Early morphometry of a retinal dystrophy in Labrador retrievers.

Retinal morphometry was assessed in 7 dogs from a colony of Labrador Retrievers with dystrophic retinas at 1,2,3,4 and 18 months of age. Rod outer segment length and outer nuclear layer width were measured in the central, midperipheral and peripheral retina at six locations along the vertical meridian. Early striking regional differences in onset and rate of progression were characteristic for this inherited retinal degeneration. Notably, some areas of the retina developed fully and normally before degenerating. The central parts of the vertical meridians showed slightly disorganized rod outer segments already at 1 month of age and they were significantly shorter than those of control animals at 3 and 4 months (p < 0.01 and p < 0.001, respectively).
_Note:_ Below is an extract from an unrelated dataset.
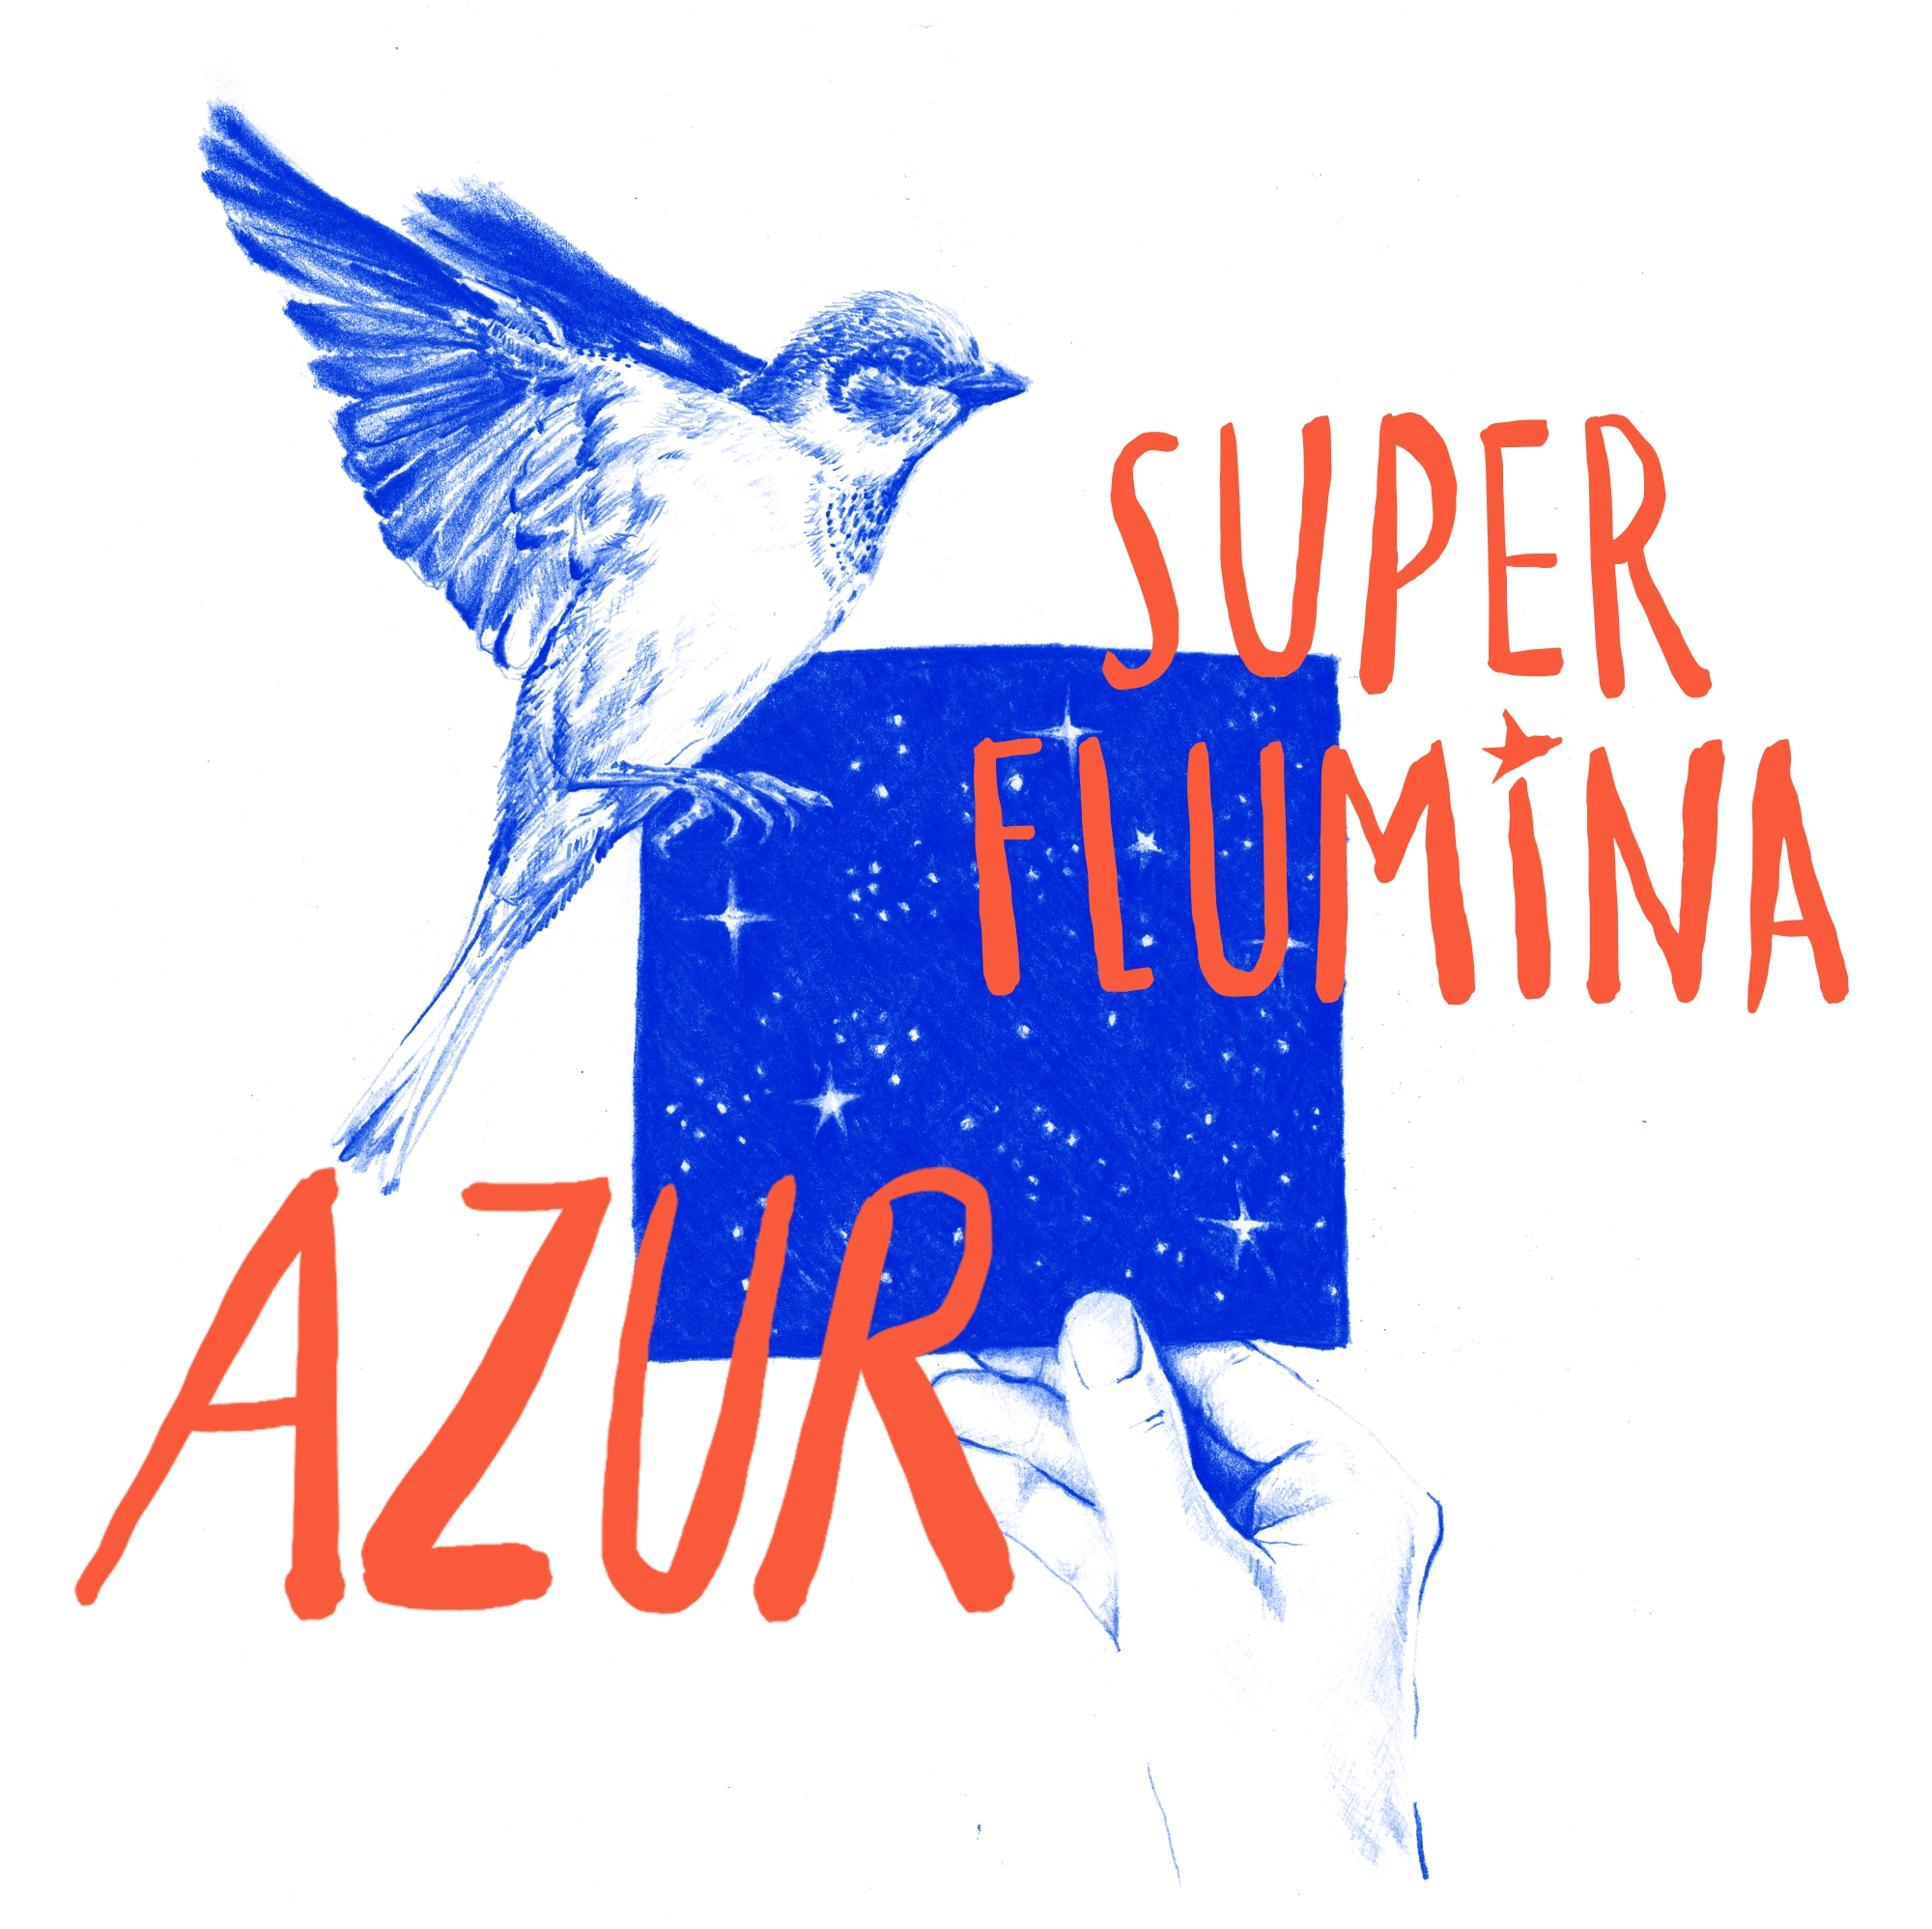  Super Flumina inicia un viaje de exploración con “Azur”

The rod outer segments of the midperipheral and peripheral regions were, however, comparable to control animals as late as at 4 months of age. At 18 months the rod outer segments of dystrophic animals were significantly shorter in all retinal regions (p < 0.0005). At the age the outer nuclear layer of the dystrophic animals had become significantly thinner than that of control animals in all retinal regions (p < 0.001), indicating a clear visual cell loss. It is reasonable to characterize this as a retinal degeneration having a relatively slow progression, which enhances its relevance to conditions of clinical significance.